Let’s plot the solution.

fig = plt.figure()
ax = fig.add_subplot(111)

# draw the Sun
ax.scatter([0], [0], marker=(20,1), color="y", s=250)

# draw the orbit
ax.plot(orbit.x, orbit.y)

ax.set_aspect("equal")
ax.set_xlabel("x [AU]")
ax.set_ylabel("y [AU]")

Text(0, 0.5, 'y [AU]')

The solution looks awful. It should be a circle, and after 1 year, we should be right back at where we started. Let’s look at how we converge with the size of the timestep, \(\tau\).

fig = plt.figure()
ax = fig.add_subplot(111)

# draw the Sun
ax.scatter([0], [0], marker=(20,1), color="y", s=250)

taus = [0.1, 0.01, 0.001]

for tau in taus:
    orbit = euler_orbit(Y0, tau, 1)
    
    ax.plot(orbit.x, orbit.y, label=rf"$\tau = {tau:6.4f}$")

ax.set_aspect("equal")
ax.legend()
ax.set_xlabel("x [AU]")
ax.set_ylabel("y [AU]")

Text(0, 0.5, 'y [AU]')

Clearly our solution gets better as we reduce the timestep, but we need to reduce it a lot. At the top we said that the Euler method is globally first-order accurate. Let’s try to confirm that and then let’s look at how we can do higher-order integration.

Measuring convergence

Imagine evolving for a single period and then asking how well did the integrator do. We need some metric to determine this. We can imagine a few different measures:

1. compare the current distance to the Sun to the original distance to the Sun

2. compute the distance from the current \((x, y)\) position to the starting position

3. compute the total energy at the end of the integration and compare to the initial total energy.

There are likely many more.
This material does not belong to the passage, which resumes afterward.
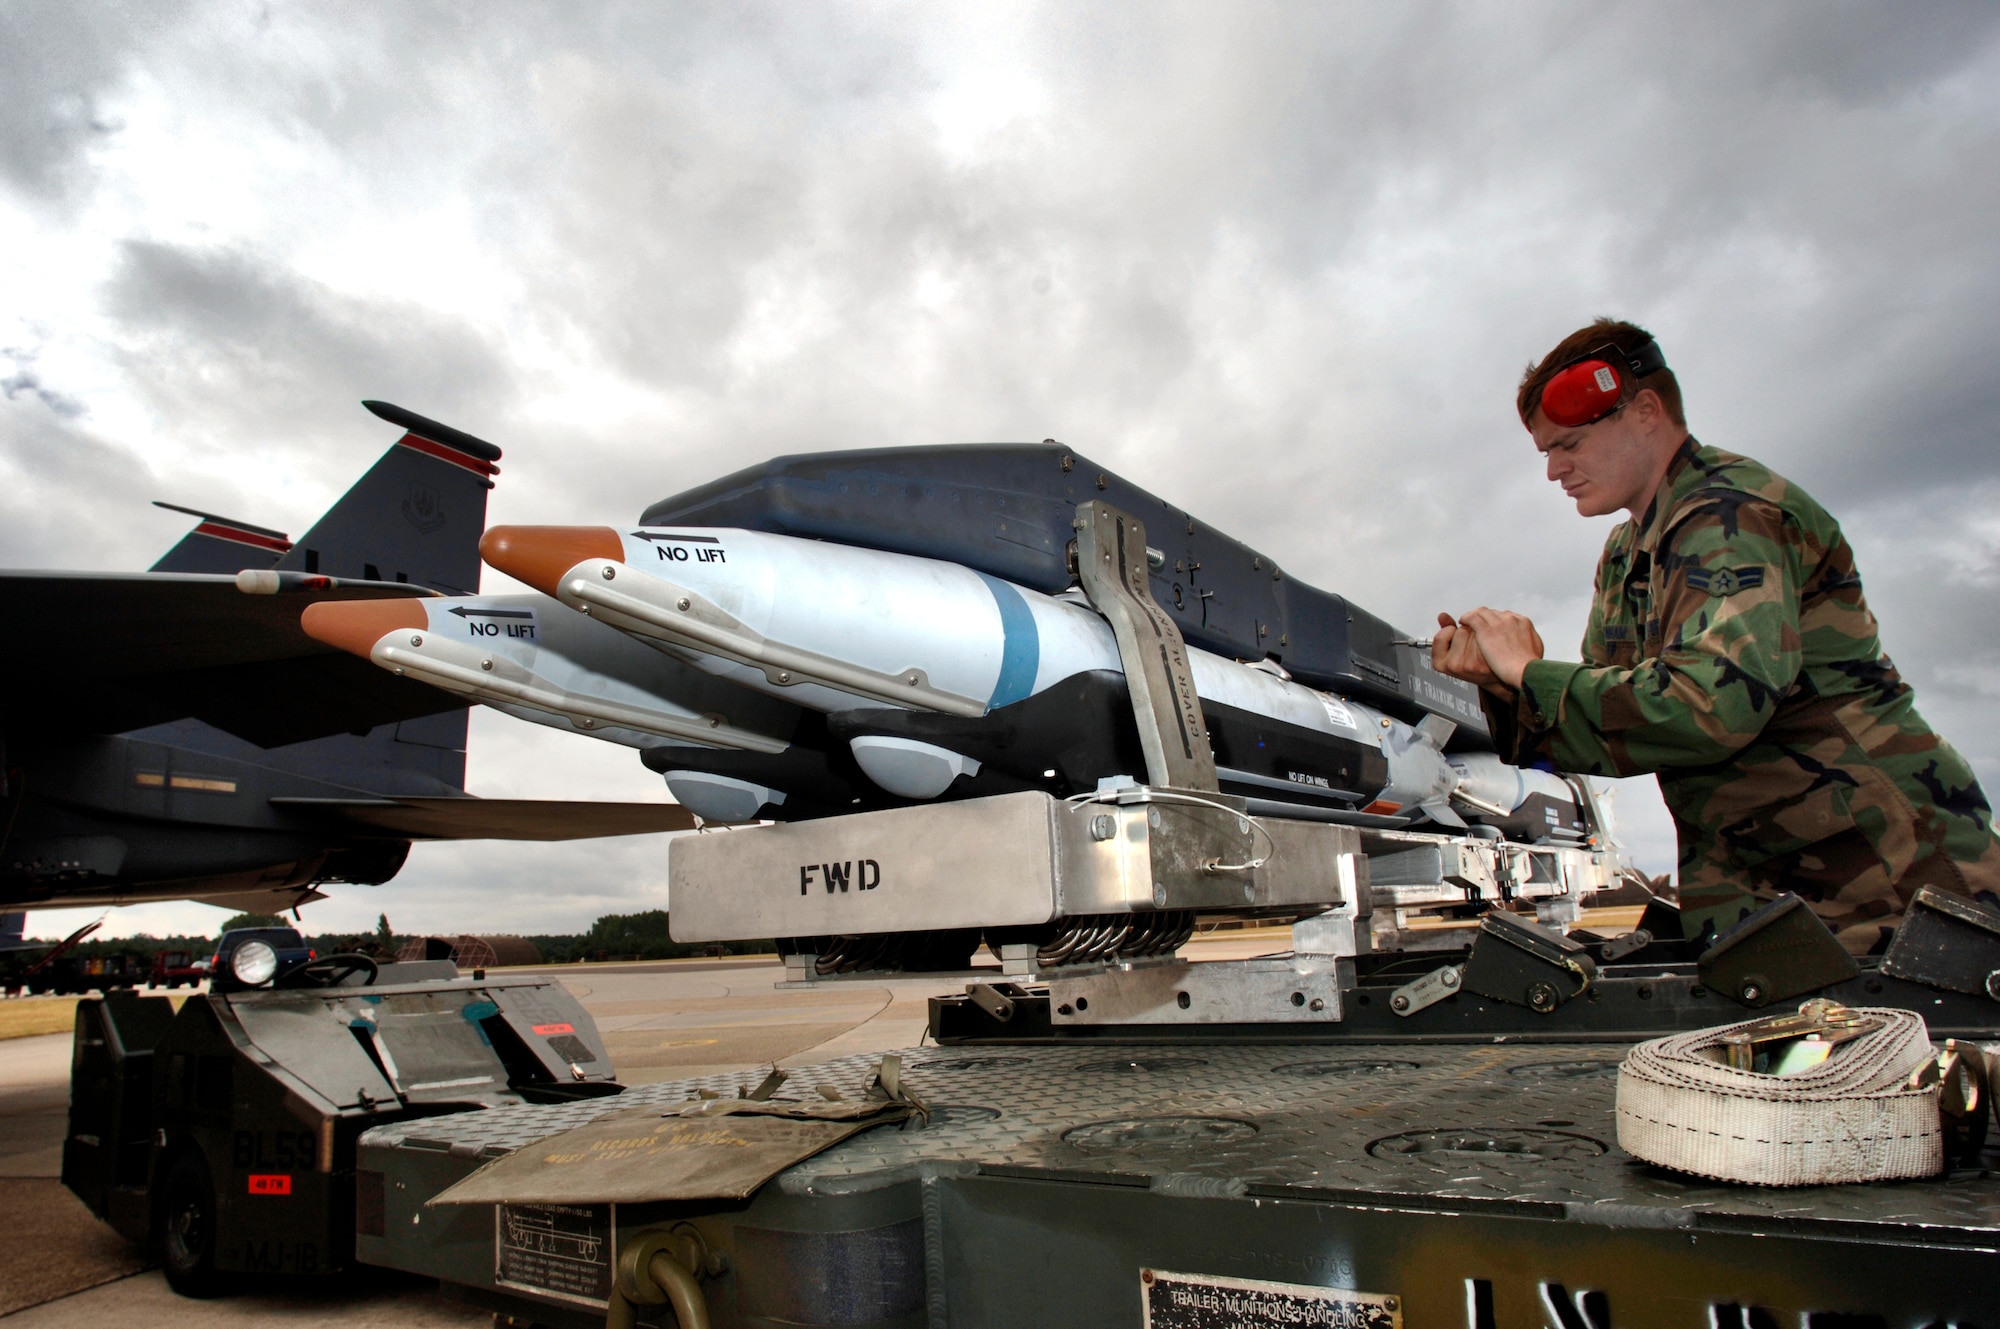 Airman 1st Class Robert Branham prepares a Bomb Rack Unit-61 for loading onto an F-15E Strike Eagle at Royal Air Force Lakenheath, England, on Aug. 1. The bomb rack and carrier comes loaded with Guided Bomb Unit-39 small-diameter bombs. The Airman is an aircraft weapons specialist with the 48th Aircraft Maintenance Squadron. (U.S. Air Force photo/Master Sgt. Lance Cheung)

Unlike the integrals we did previously, where the natural error to compute was the difference between the numerical integral and the analytic one, here there is not a single obvious metric. So we should pick one or more and look for convergence. Depending on what our goal is, one metric might be more meaningful than another.

Let’s define an error function based on metric 1 above

def error(history):
    
    # define the error to be distance from (0, 0) at end compared to start
    R_orig = np.sqrt(history.x[0]**2 + history.y[0]**2)
    R_new = np.sqrt(history.x[-1]**2 + history.y[-1]**2)
    e = np.abs(R_new - R_orig)
    
    return e

Now let’s integrate a bunch of orbits, reducing \(\tau\) by 2 each time. Since this is first order accurate, the error should decrease by a factor of 2.

taus = [0.1, 0.05, 0.025, 0.0125, 0.00625]

for tau in taus:
    orbit = euler_orbit(Y0, tau, 1)
    print(error(orbit))

4.186923100574993
2.63132561836189
1.579518716431993
0.8788126438377246
0.45891625361582156

We see that the decrease in the error is essentially 2. It is certainly not better than first-order accurate.